The metamorphosis of insects is controlled by the blood titers of a small number of developmental hormones including a class of steroids, the ecdysteroids. We have studied the developmental fates of several muscles and their motoneurons during the larval-pupal transformation of the tobacco hornworm, Manduca sexta. The endocrine events which trigger pupal development are first, a fall in the blood titer of juvenile hormone, followed by two subsequent elevations of blood ecdysteroids. The small "commitment pulse" of ecdysteroids commits tissues to pupal development, whereas the sustained "prepupal peak" causes the new pupa to be formed (Riddiford, L. M. (1980) In Progress in Ecdysone Research, J.A. Hoffmann, ed., pp. 409-430, Elsevier/North-Holland Biomedical Press, Amsterdam). In the present experiments we were able to correlate specific aspects of the changing blood steroid titers with the degeneration of larval muscles, and with the dendritic regression and death of their motoneurons.

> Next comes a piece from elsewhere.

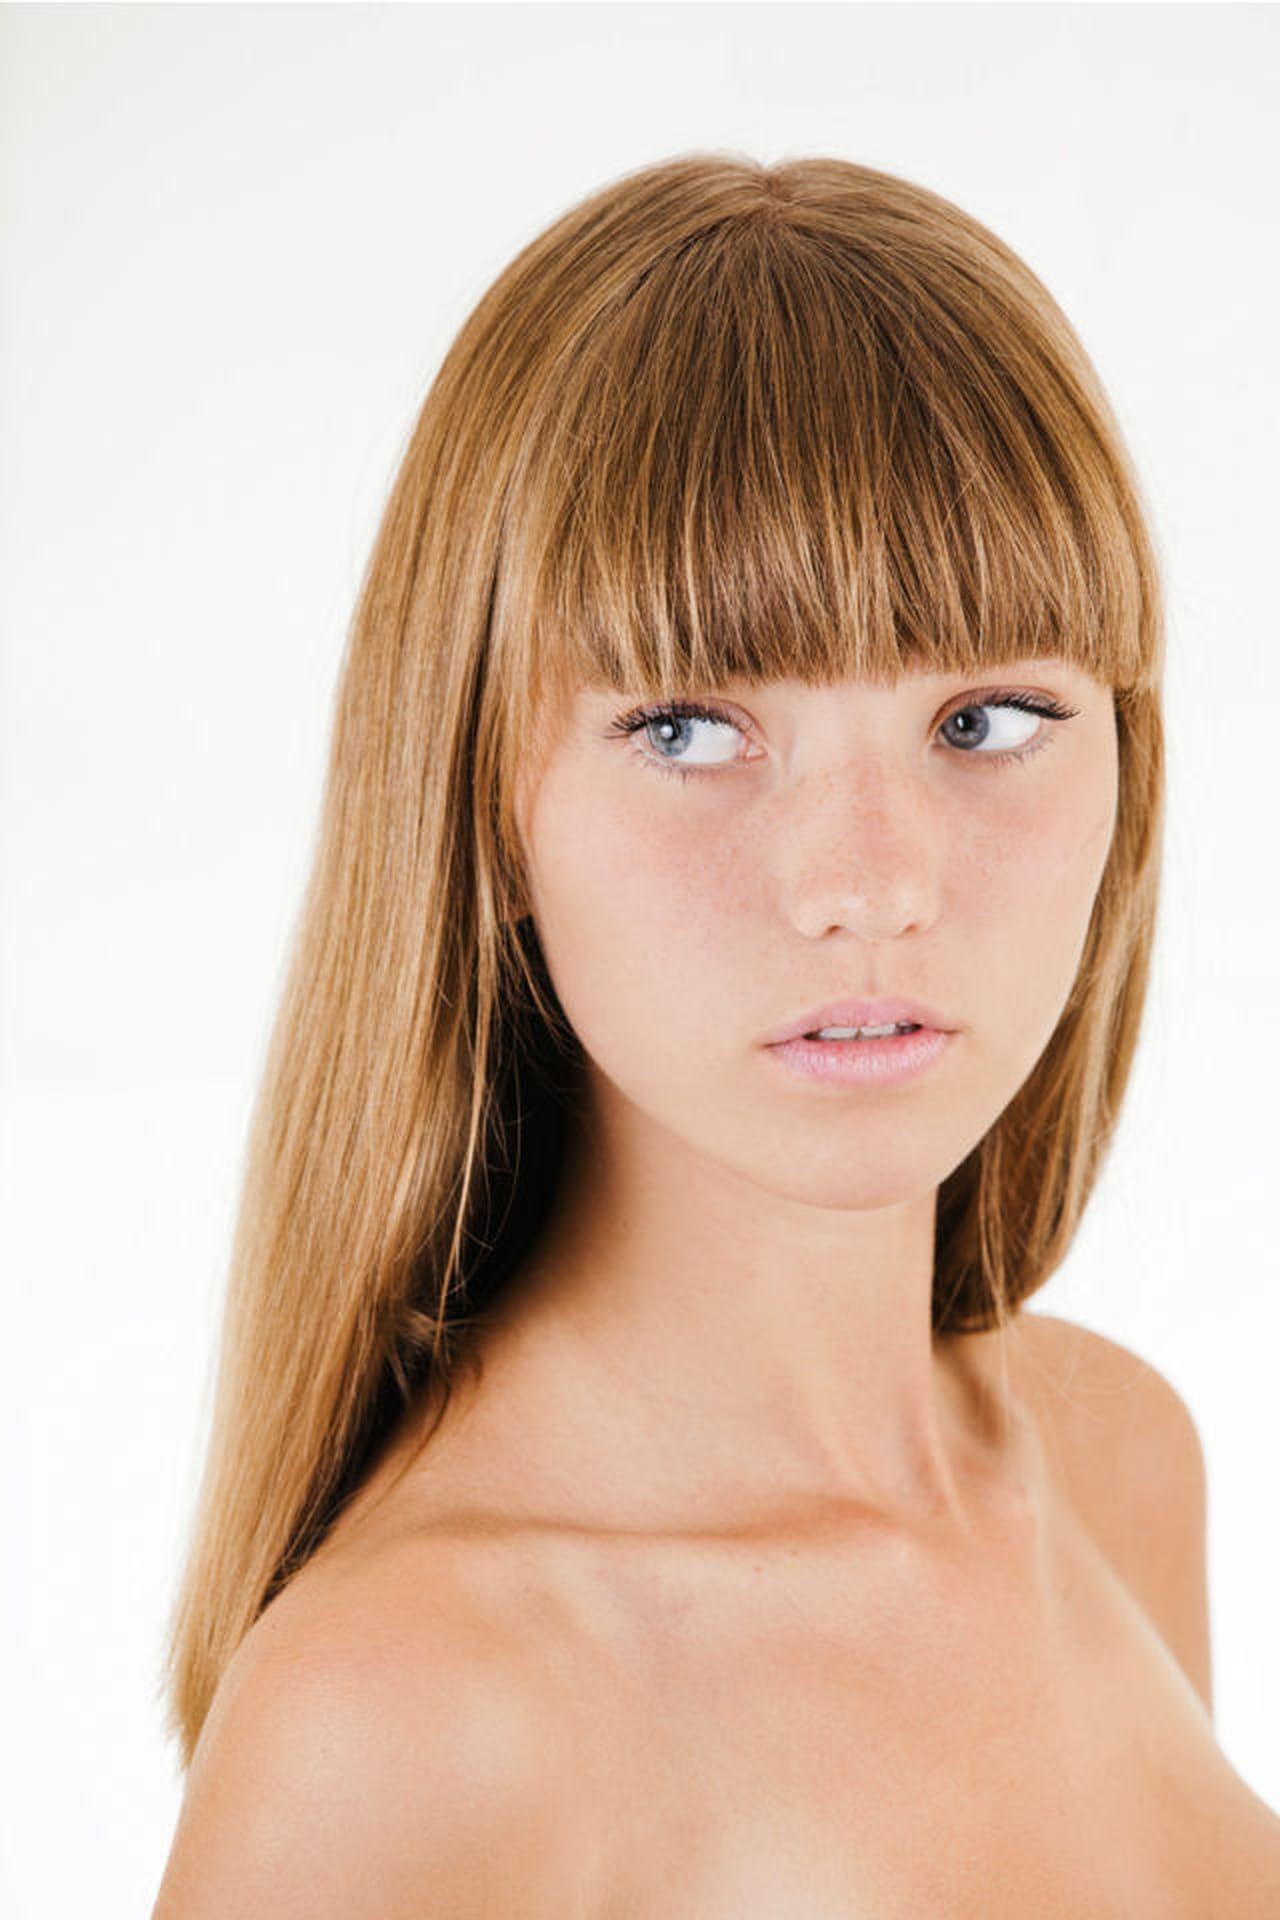 Capelli: qual è il taglio più adatto al mio viso?

The abdominal prolegs, which are the principal locomotory appendages of the caterpillar, are lost during the larval-pupal transformation. We have followed the fates of a proleg retractor muscle, PPRM, and its single motoneuron, PPR. Two other differently fated abdominal muscles not associated with the proleg were also studied. Surgical and endocrinological manipulations showed that PPRM degenerates in response to the rising phase of the prepupal ecdysteroid peak and that interactions with its motoneuron are not involved in the muscle's death. Motoneuron PPR responds to the rising prepupal peak by first reducing its dendritic arbor by 40% and then dying. Other proleg motoneurons regress but do not die, indicating that dendritic regression is programmed separately from neuronal death. Neither the dendritic reduction nor the death of PPR involves interactions with its target muscle. These results indicate that ecdysteroids have independent and parallel effects in the periphery, where they cause muscle degeneration, and in the central nervous system, where they cause dendritic regression and death of motoneurons.